Re: [PATCH RFC 0/5] KVM: x86: KVM_MEM_ALLONES memory
From: Peter Xu
Date: Fri May 15 2020 - 07:15:49 EST
On Thu, May 14, 2020 at 06:03:20PM -0700, Andy Lutomirski wrote:
> On Thu, May 14, 2020 at 3:56 PM Sean Christopherson
> <sean.j.christopherson@xxxxxxxxx> wrote:
> >
> > On Thu, May 14, 2020 at 06:05:16PM -0400, Peter Xu wrote:
> > > On Thu, May 14, 2020 at 08:05:35PM +0200, Vitaly Kuznetsov wrote:
> > > > The idea of the patchset was suggested by Michael S. Tsirkin.
> > > >
> > > > PCIe config space can (depending on the configuration) be quite big but
> > > > usually is sparsely populated. Guest may scan it by accessing individual
> > > > device's page which, when device is missing, is supposed to have 'pci
> > > > holes' semantics: reads return '0xff' and writes get discarded. Currently,
> > > > userspace has to allocate real memory for these holes and fill them with
> > > > '0xff'. Moreover, different VMs usually require different memory.
> > > >
> > > > The idea behind the feature introduced by this patch is: let's have a
> > > > single read-only page filled with '0xff' in KVM and map it to all such
> > > > PCI holes in all VMs. This will free userspace of obligation to allocate
> > > > real memory and also allow us to speed up access to these holes as we
> > > > can aggressively map the whole slot upon first fault.
> > > >
> > > > RFC. I've only tested the feature with the selftest (PATCH5) on Intel/AMD
> > > > with and wiuthout EPT/NPT. I haven't tested memslot modifications yet.
> > > >
> > > > Patches are against kvm/next.
> > >
> > > Hi, Vitaly,
> > >
> > > Could this be done in userspace with existing techniques?
> > >
> > > E.g., shm_open() with a handle and fill one 0xff page, then remap it to
> > > anywhere needed in QEMU?
> >
> > Mapping that 4k page over and over is going to get expensive, e.g. each
> > duplicate will need a VMA and a memslot, plus any PTE overhead. If the
> > total sum of the holes is >2mb it'll even overflow the mumber of allowed
> > memslots.
>
> How about a tiny character device driver /dev/ones?

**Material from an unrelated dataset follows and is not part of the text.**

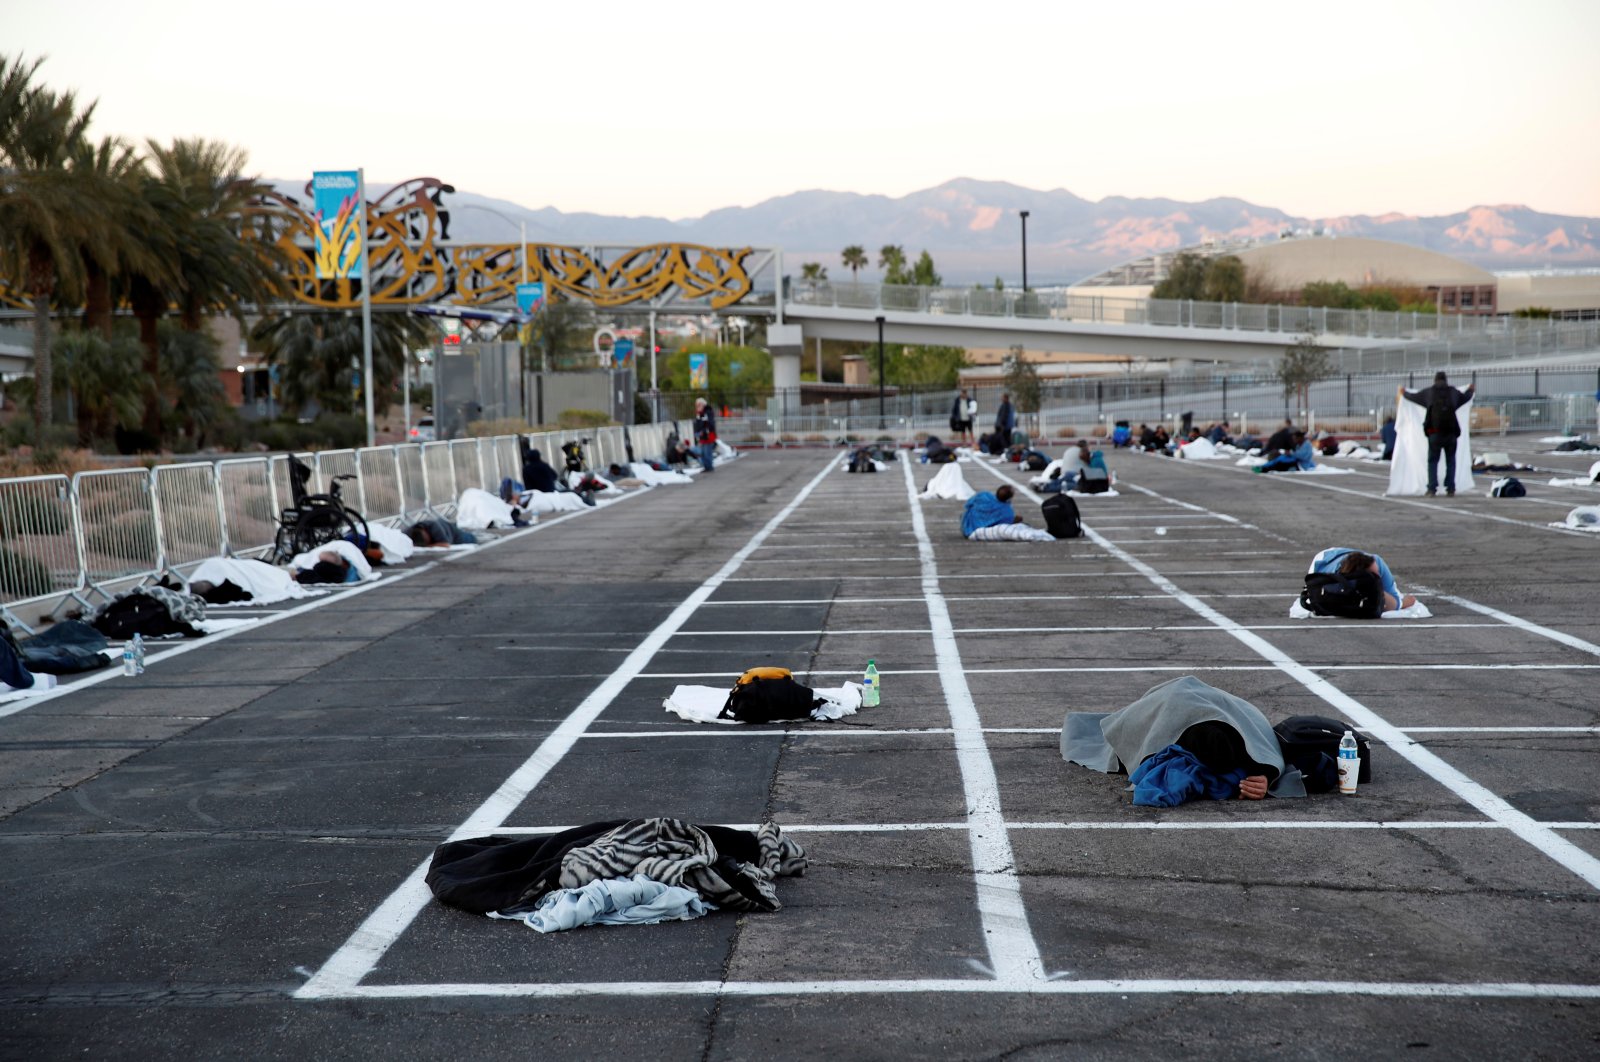 Homeless people sleep in a temporary parking lot shelter at Cashman Center, with spaces marked for social distancing to help slow the spread of coronavirus disease (COVID-19) in Las Vegas, Nevada, U.S., Monday, March 30, 2020. (Reuters Photo)
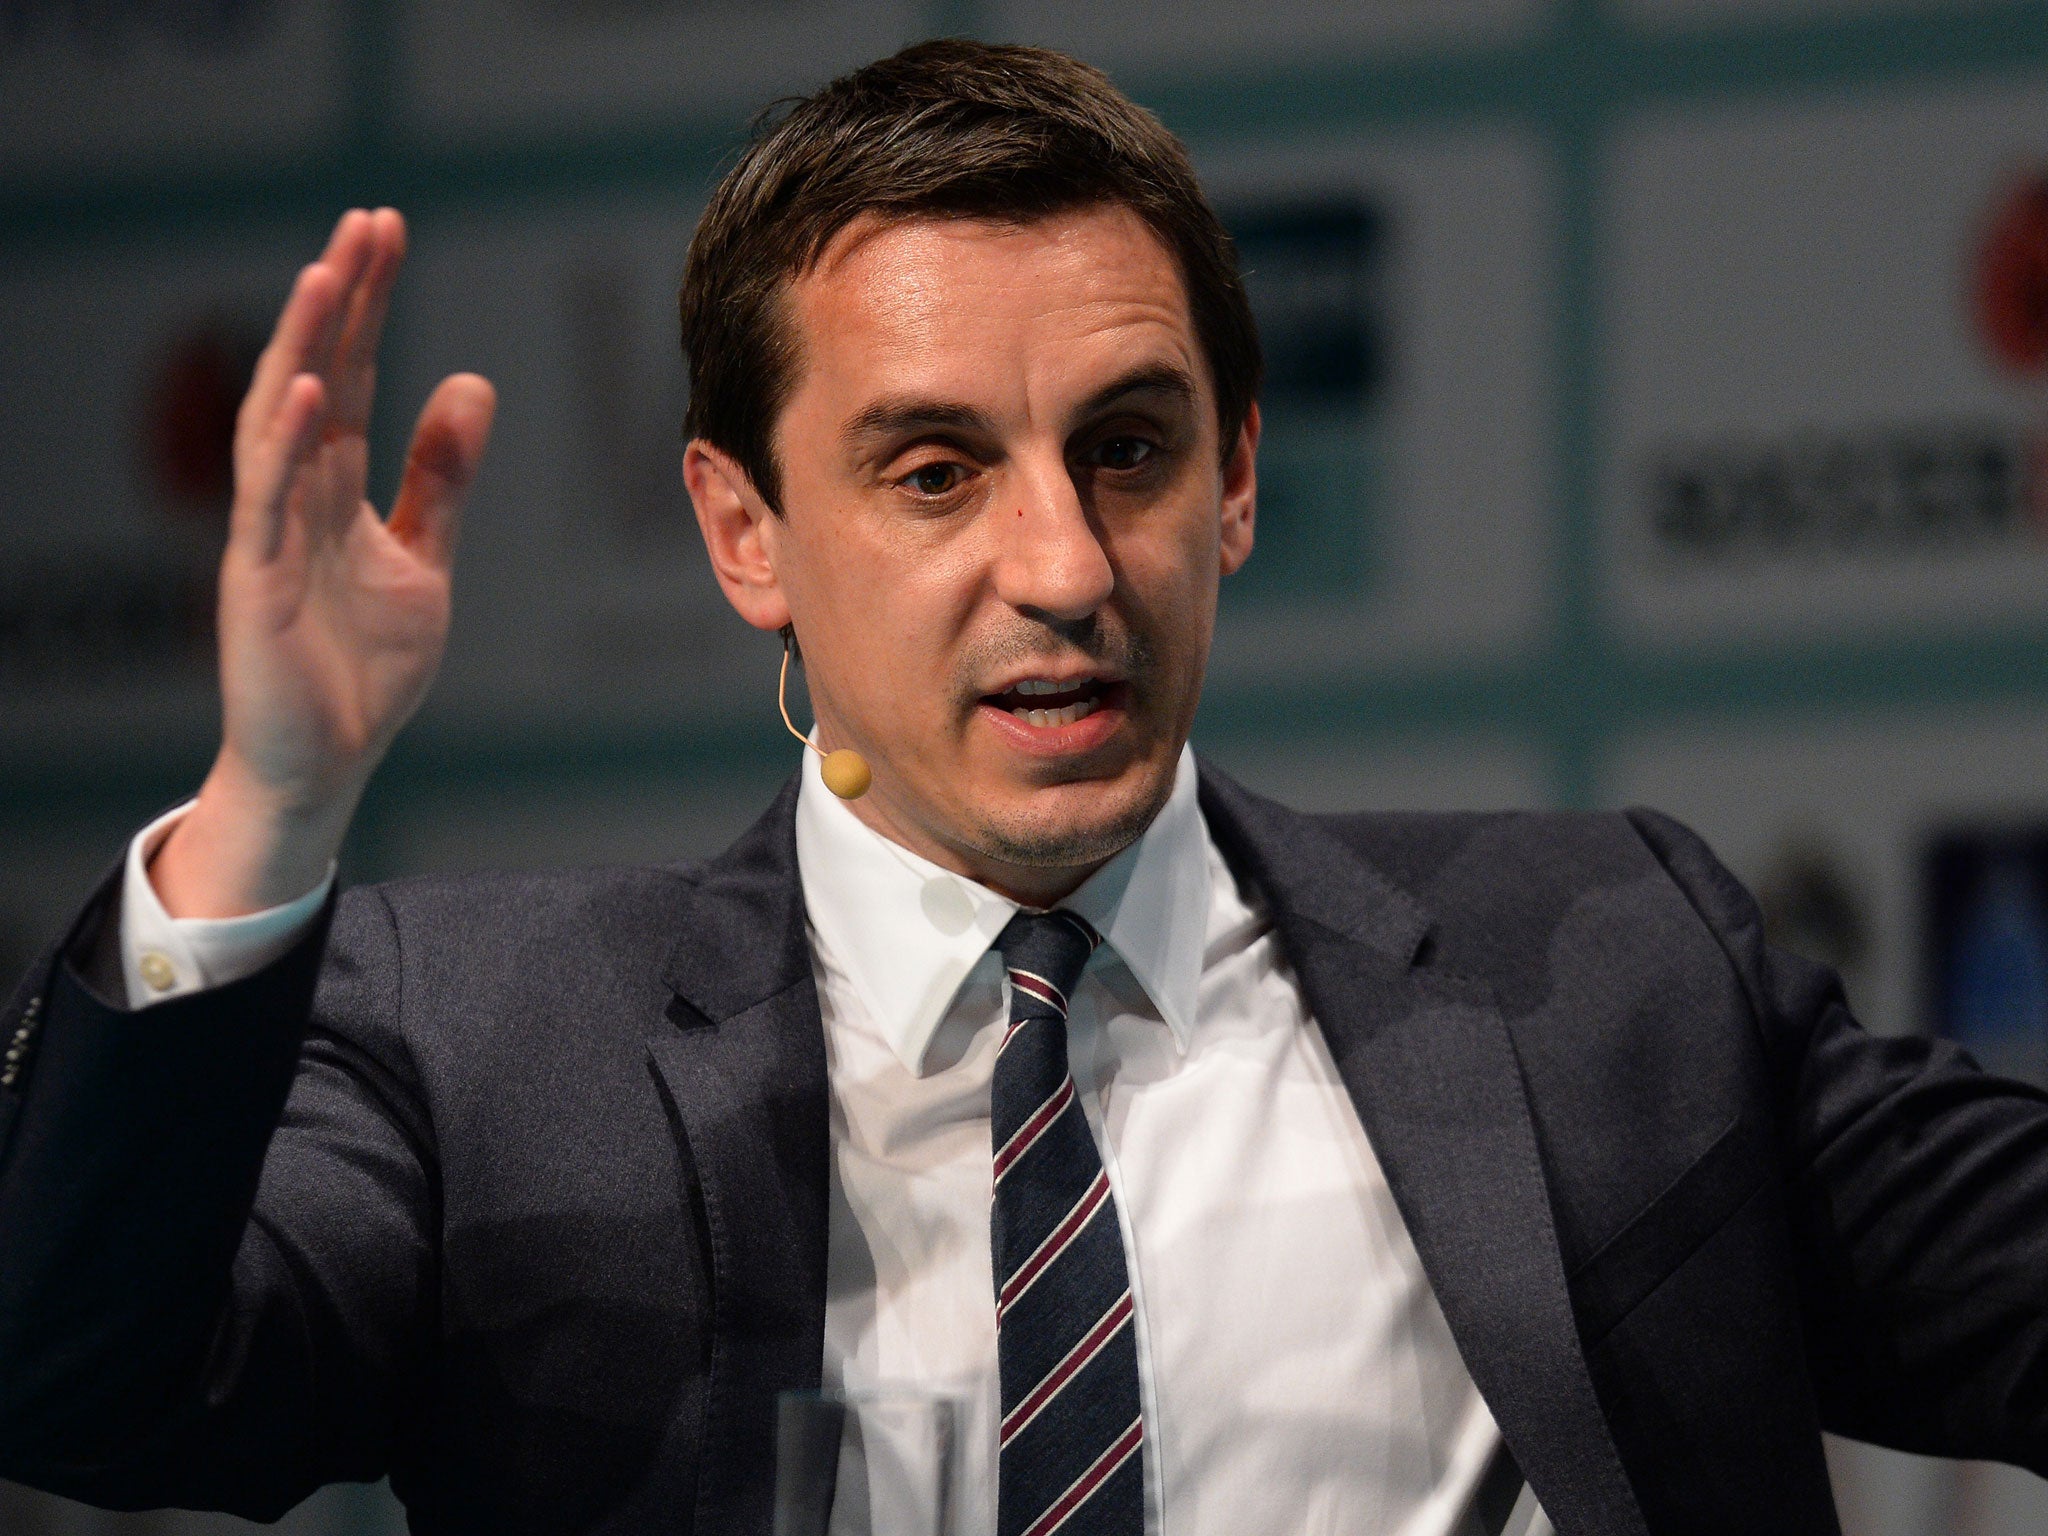 Gary Neville was a great pundit with solid good sense

Yeah, this looks very clean.
Or I also like Sean's idea about using the slow path - I think the answer could
depend on a better knowledge on the problem to solve (PCI scan for small VM
boots) to firstly justify that the fast path is required. E.g., could we even
workaround that inefficient reading of 0xff's for our use case? After all what
the BIOS really needs is not those 0xff's, but some other facts.
Thanks!
--
Peter Xu